According to Collins, we construct our world in an ongoing series of complex ‘interaction rituals’ that enable our existence (physical) and give it meaning (mental, spiritual). All aspects of our lives are conducted through these ceremonies. Conversations between friends, a day’s work, a football game, Sunday at church—all these are interaction rituals. They may be different in content, but they are similar in their underlying social and psychological processes: they all involve gathering people into a group whose members are aware of each other, directing their attention to a common interest, sharing a strong emerging emotion, and defining clear boundaries between ‘us’ and ‘them’.
In this context, sex is an interactive ritual, and it follows the rules.

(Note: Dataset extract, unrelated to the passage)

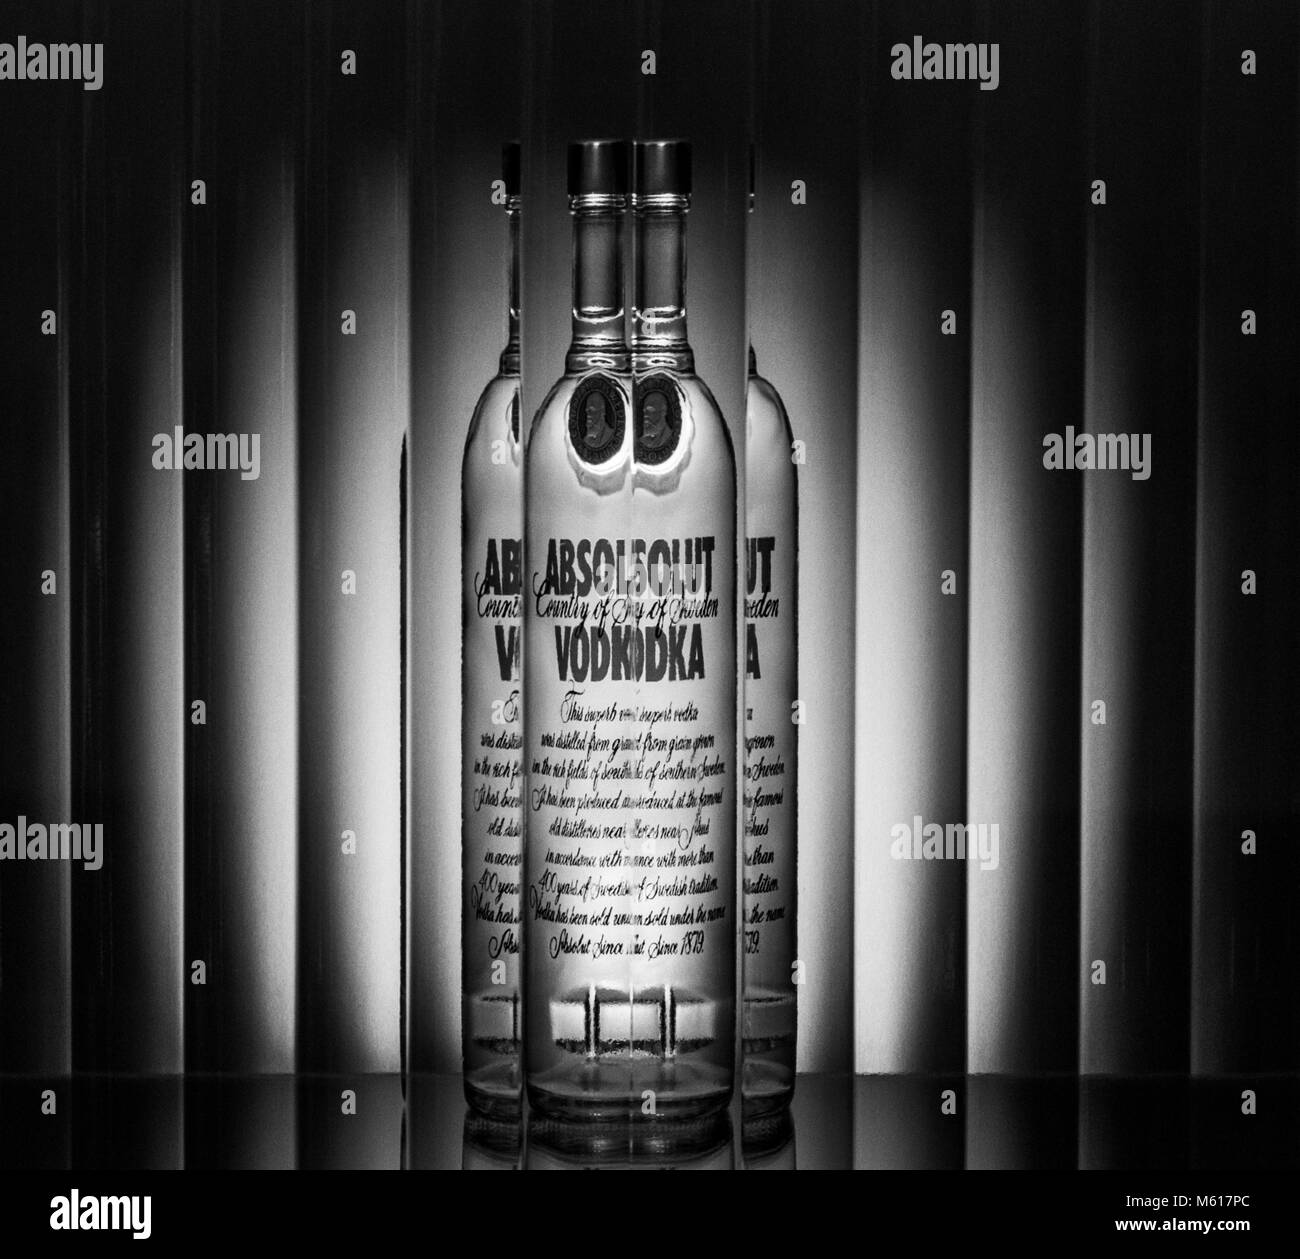 Absolut vodka bottle photographed in the style of the Absolut ads, Absolute double vision,  22 May 1992 Stock Photo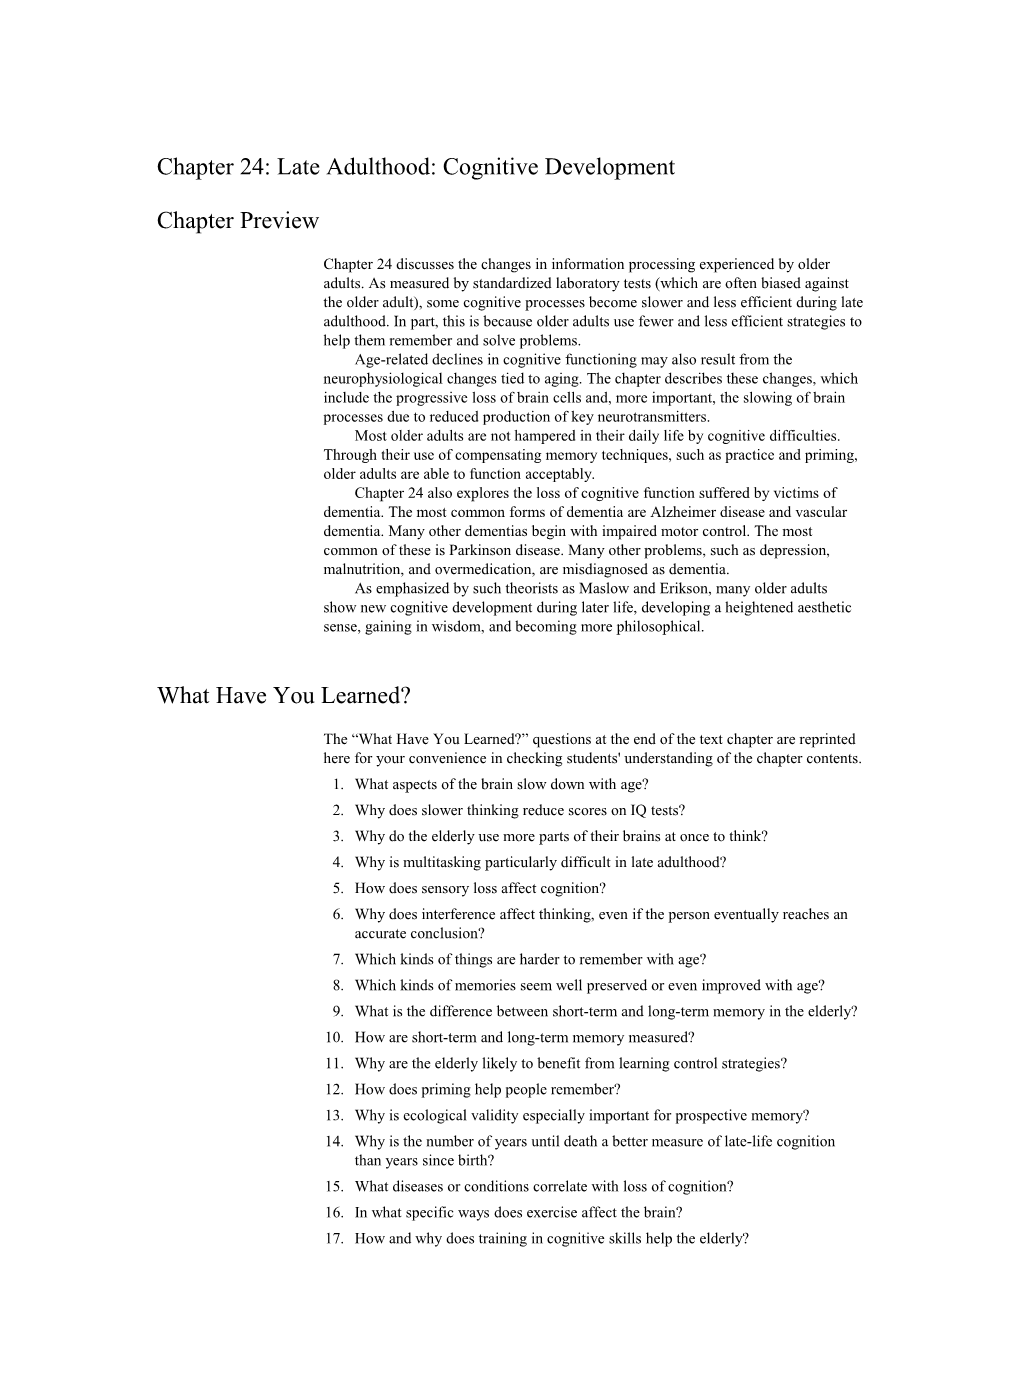 Chapter 24: Late Adulthood: Cognitive Development

In a sexual encounter, a small group gathers (usually two). Participants are aware of the presence of the other, and their attention is directed to the common interest (making love). Participants share a powerful emotion, in this case sexual arousal, and construct a clear definition of ‘us’ and ‘them’, (‘us’ are in here having sex, and ‘them’, poor slobs, are outside; they should not watch us, interrupt us, or even know all the particulars about that we’re doing).
The results of such interaction rituals—whether at church or in bed–are also predictable: the solidarity between participants increases (at church, we’re united under God; in bed, we’re faithful to each other), the mental energy builds up. From the encounter, especially if it’s repeated, canonical memories will be chosen to symbolize the relationship to the partners (forty years in the desert; forty minutes at that boutique hotel in Ventura), certain objects will be imbued with a sacred quality (a cross; a wedding ring), and certain gestures will be chosen to clarify the boundaries of the relationship–demarcate what is ours only and distinguishes us from others (we drink the blood of Christ; only we can touch each other there).